## TASK DIRECTIONS:
Could you please output all of the data exactly, without the images?

DATASET CONTENT below:

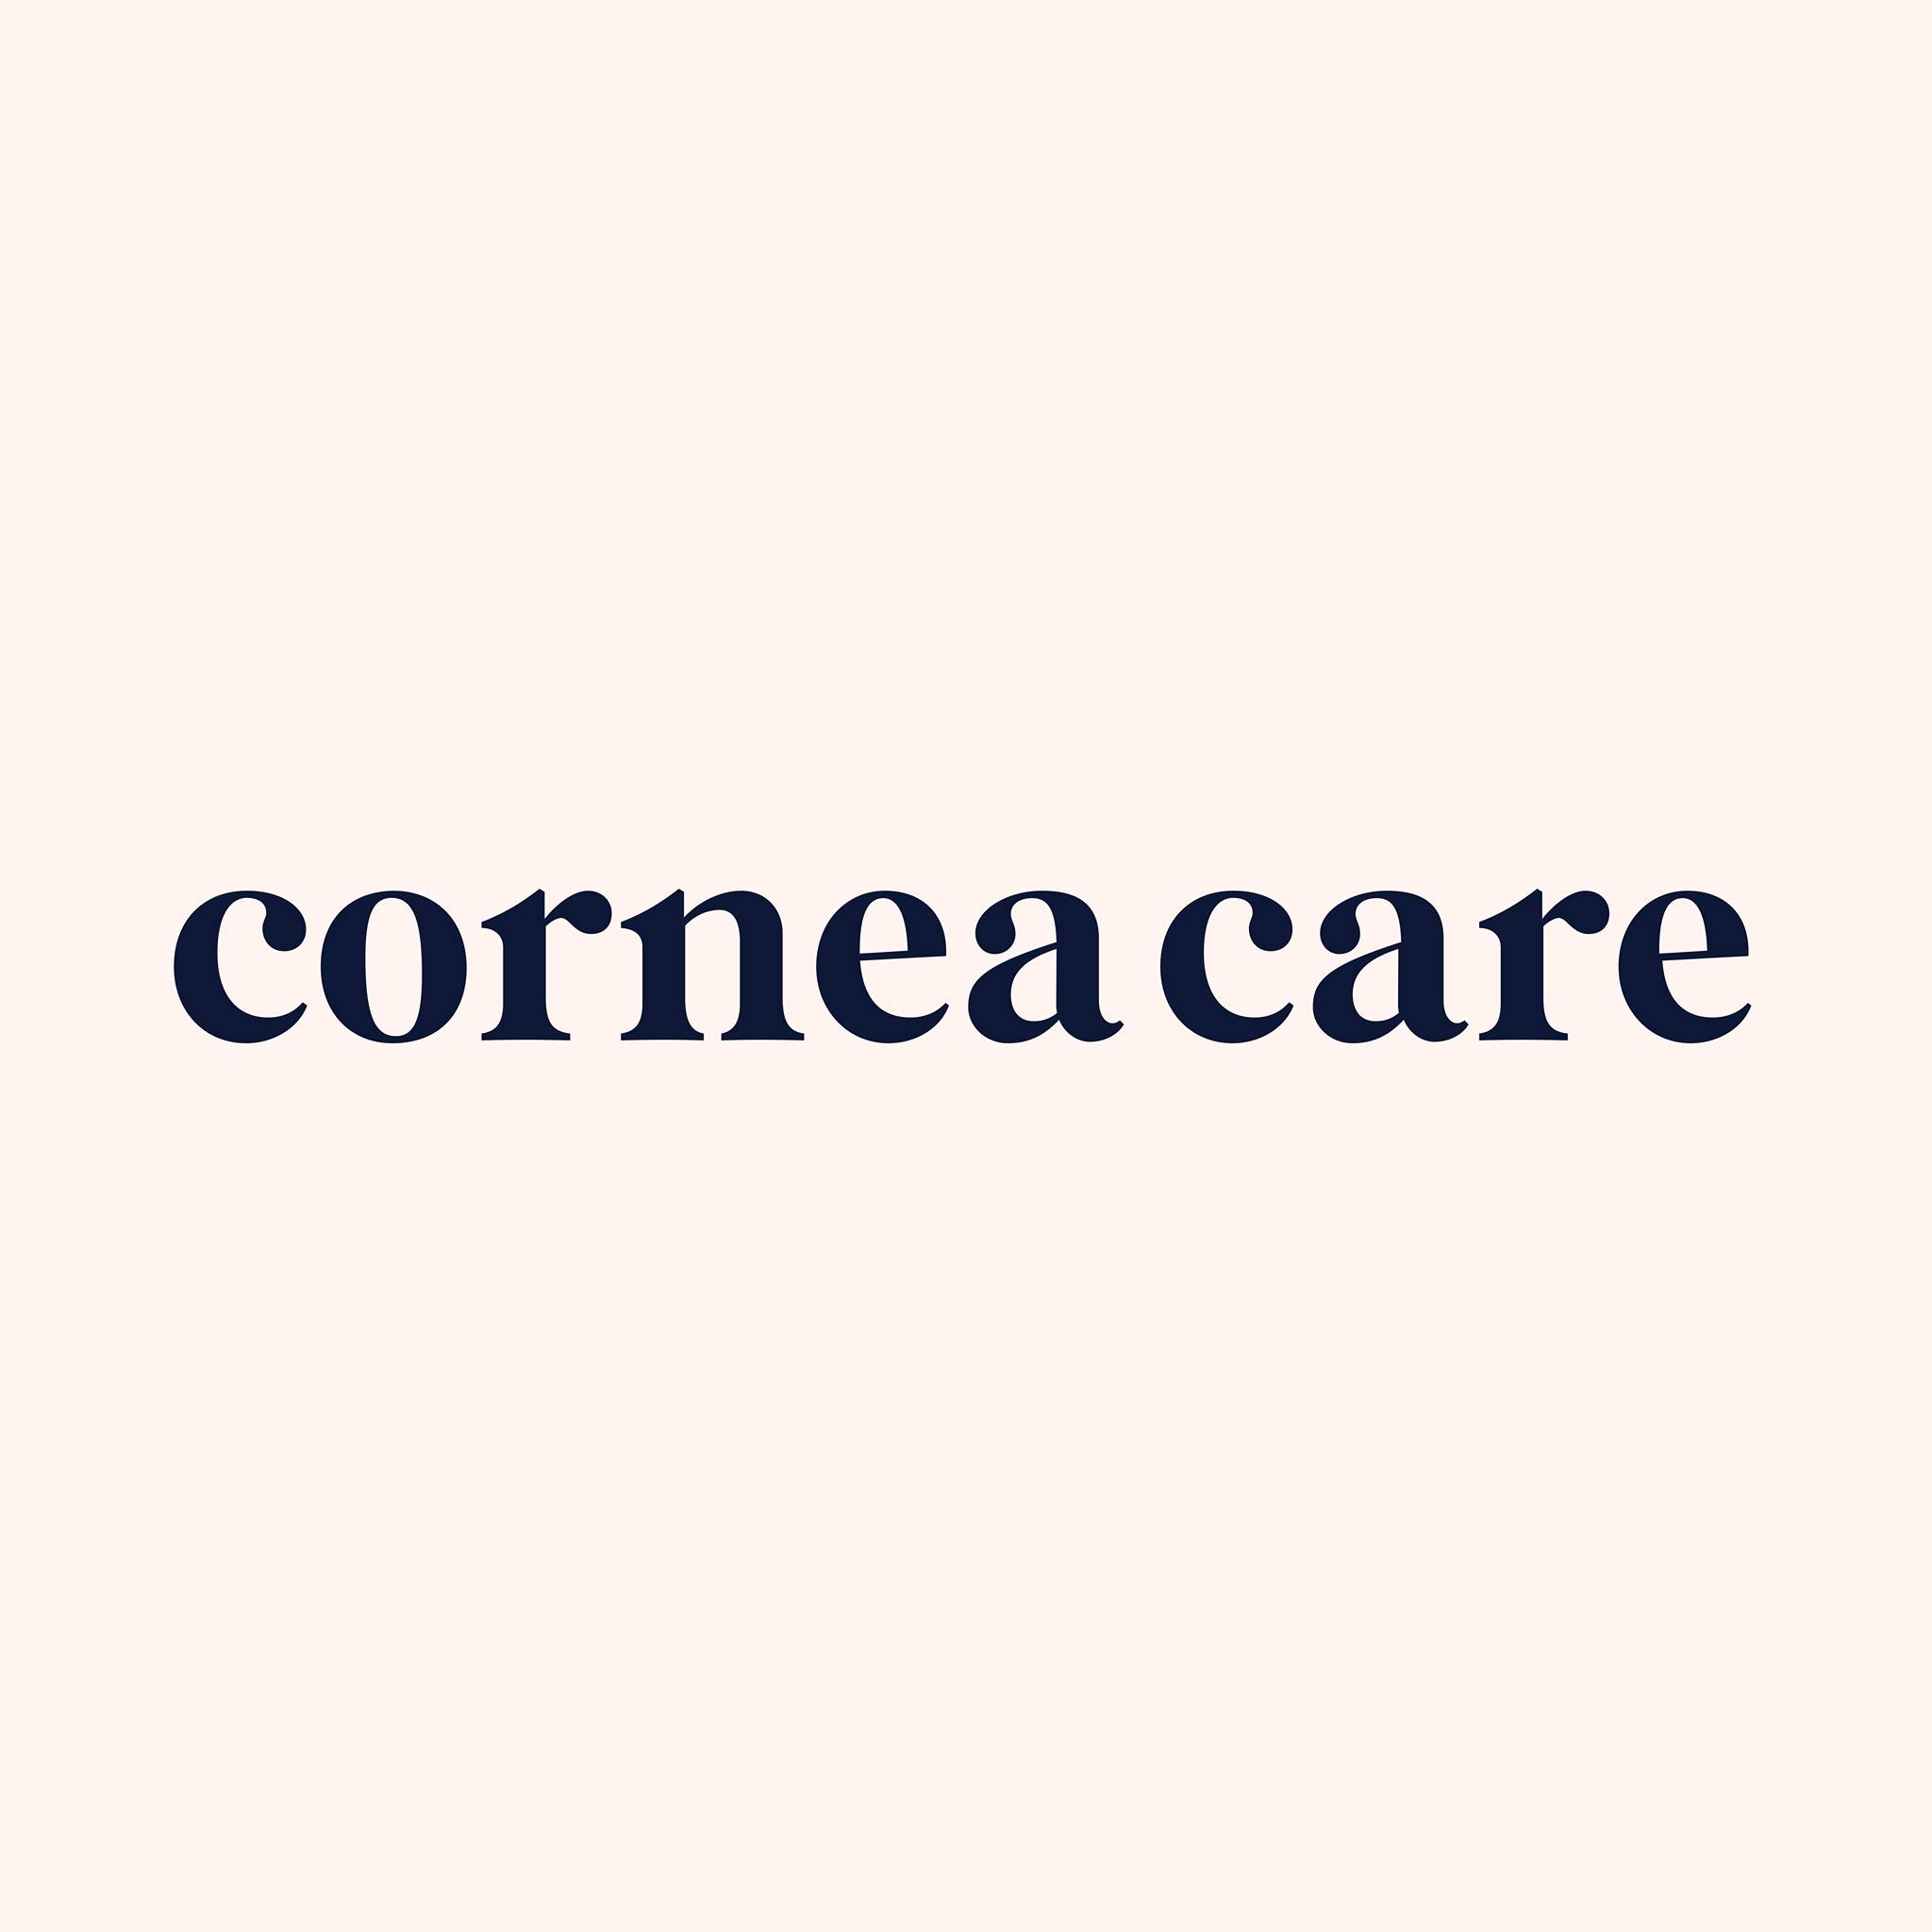 Cornea Care's Logo
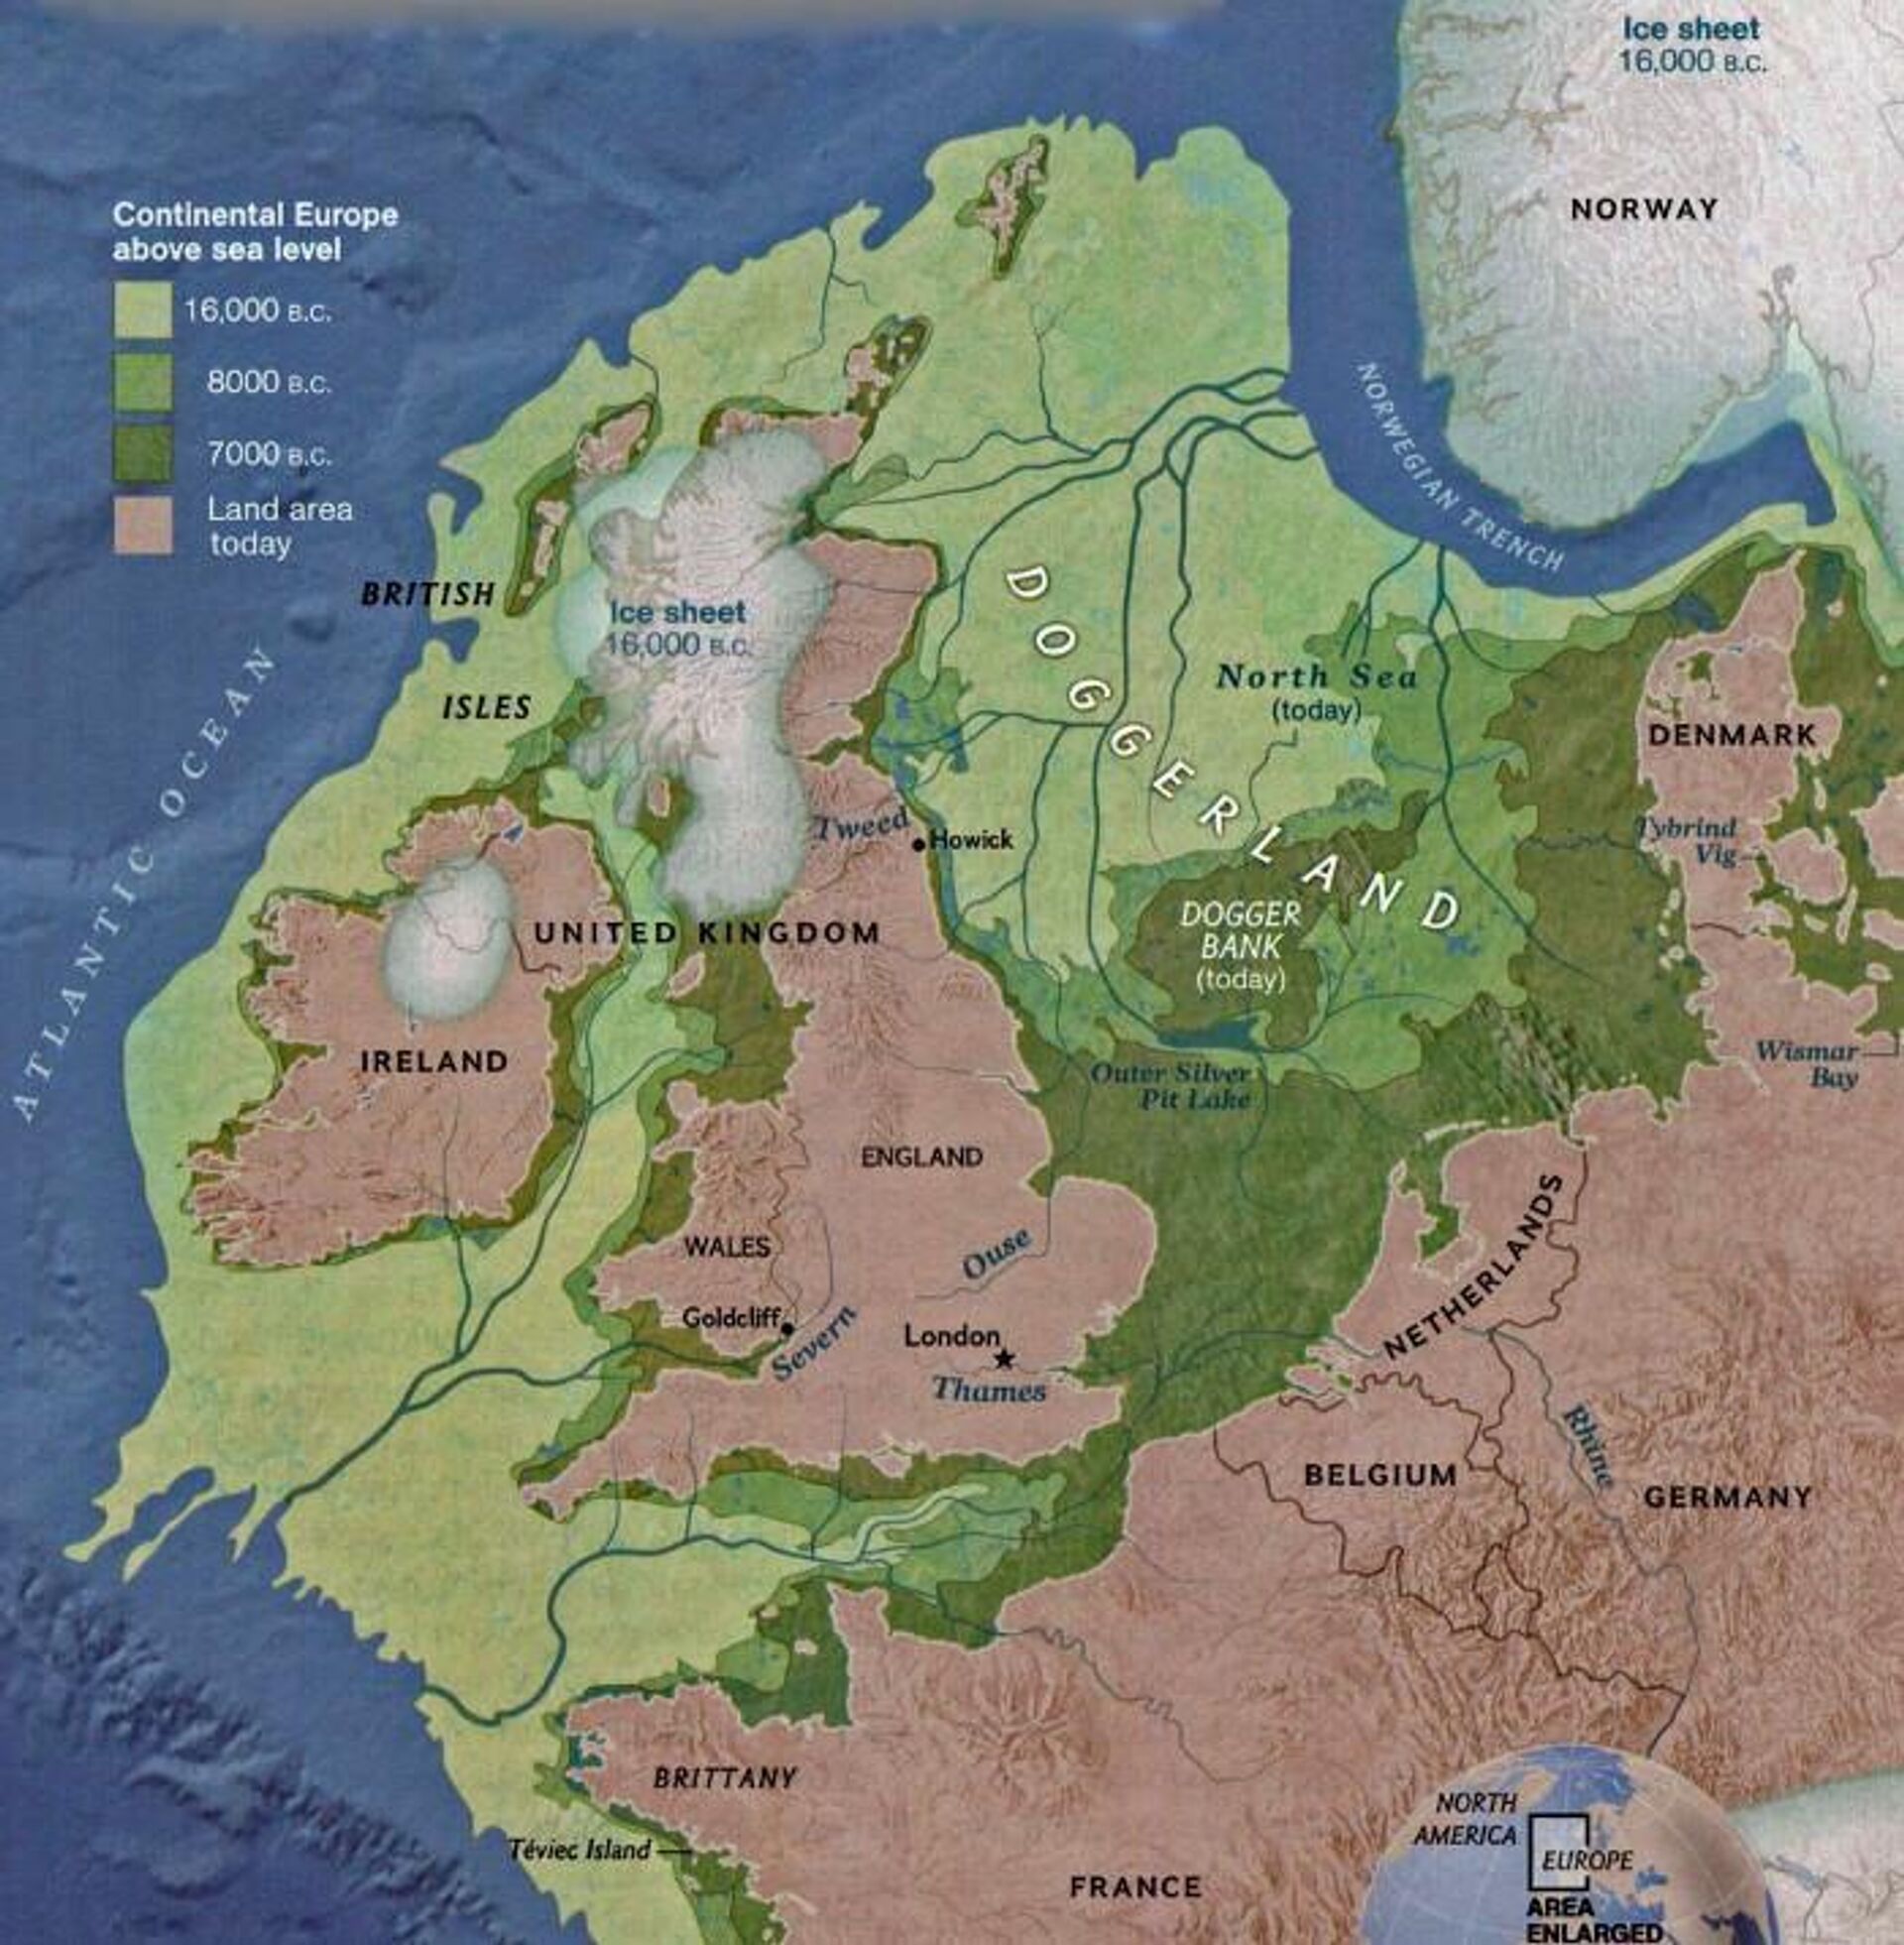 Доггерленд - территория, занимавшая южную часть Северного моря и соединявшая Британию с материковой Европой - РИА Новости, 1920, 11.01.2021
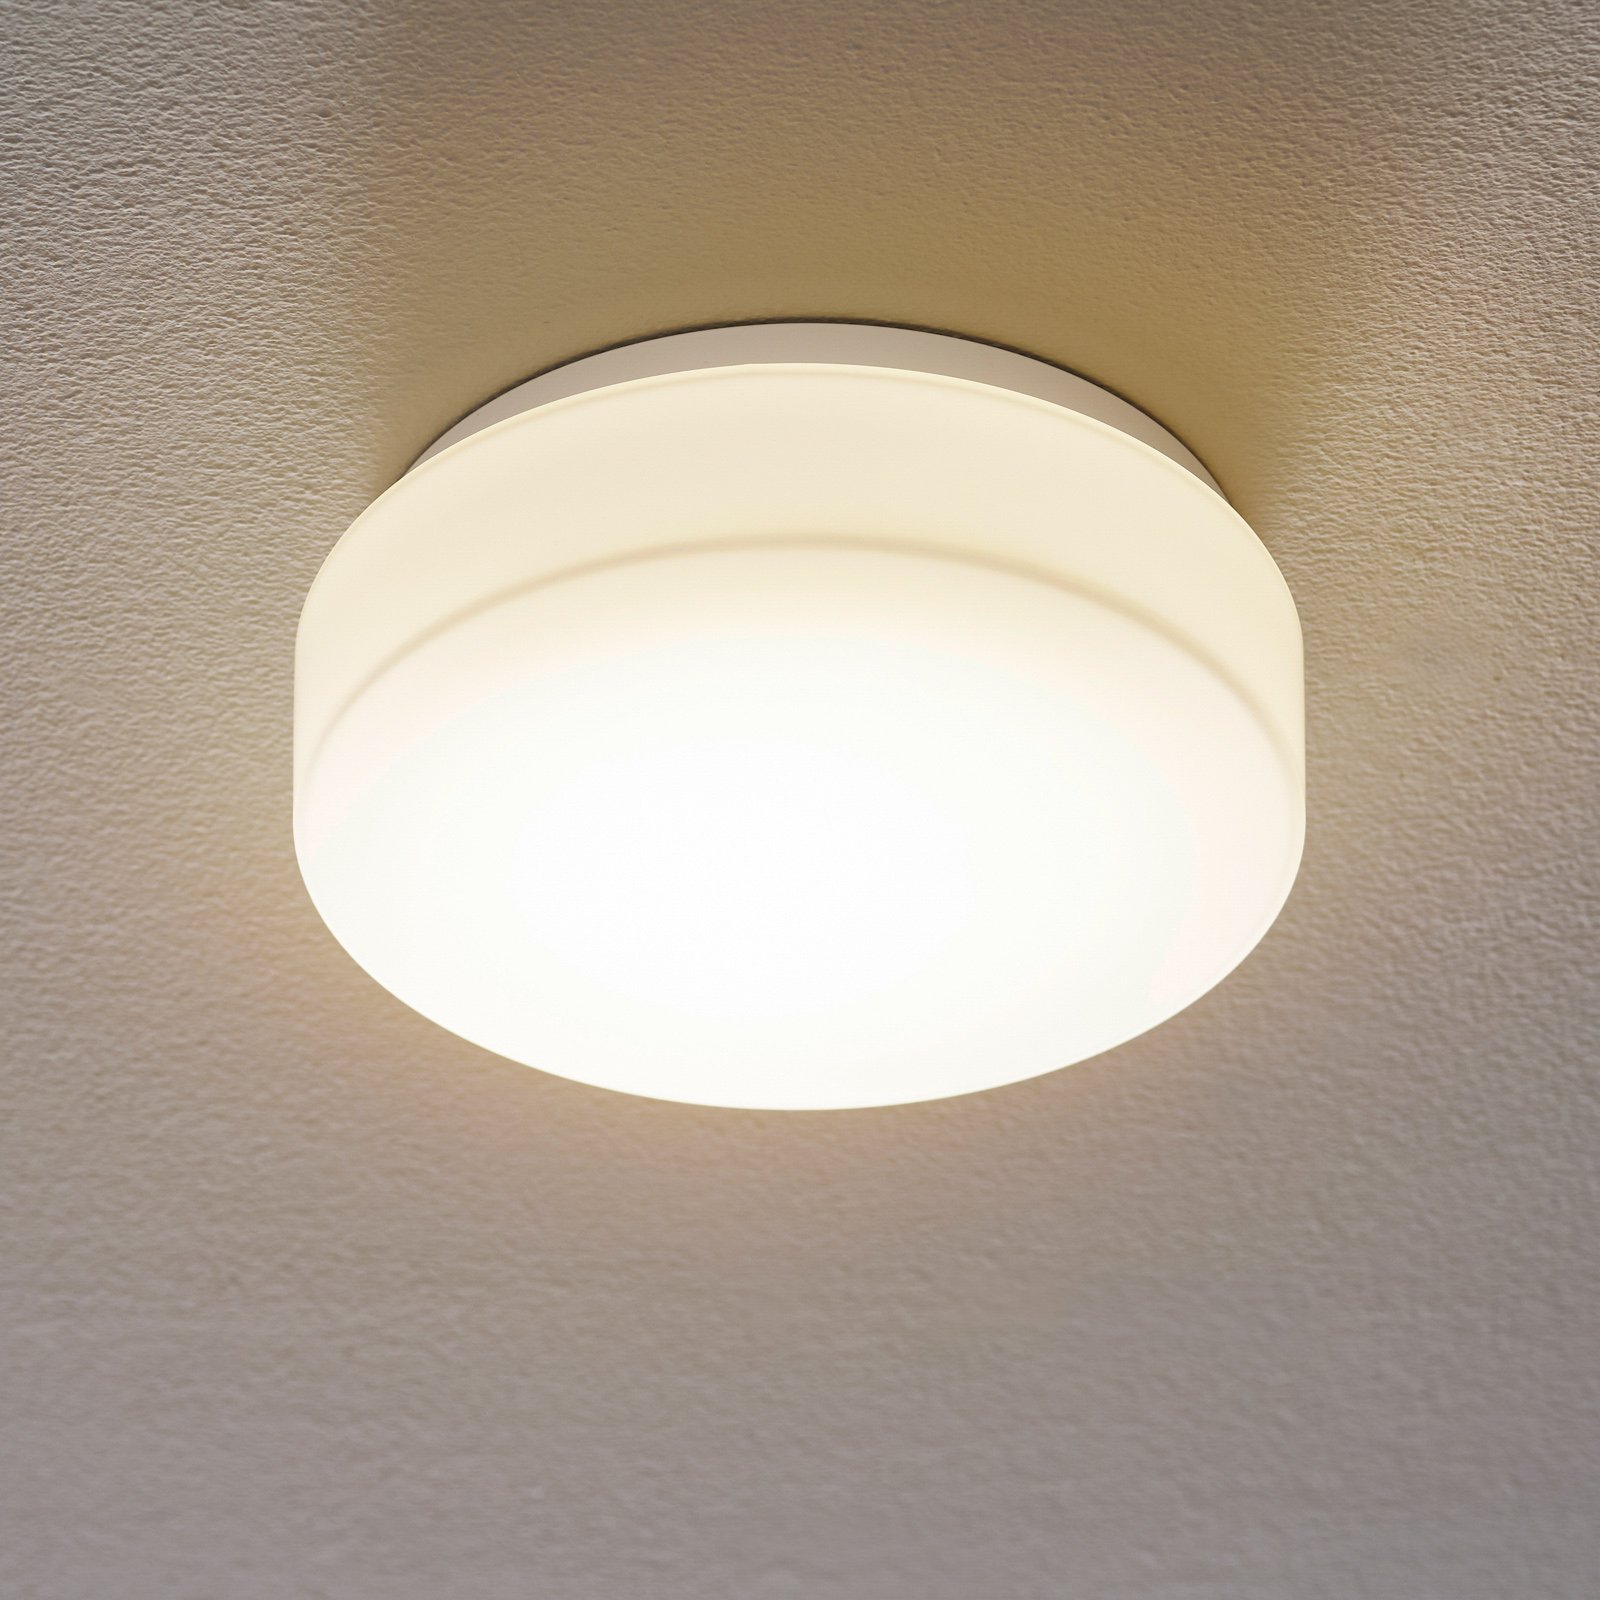 BEGA 50078 LED ceiling light DALI 3,000 K Ø 25 cm

End of DATASET CONTENT.

## TASK RESULT:
 Cornea Care's Logo
 Доггерленд - территория, занимавшая южную часть Северного моря и соединявшая Британию с материковой Европой - РИА Новости, 1920, 11.01.2021
 BEGA 50078 LED ceiling light DALI 3,000 K Ø 25 cm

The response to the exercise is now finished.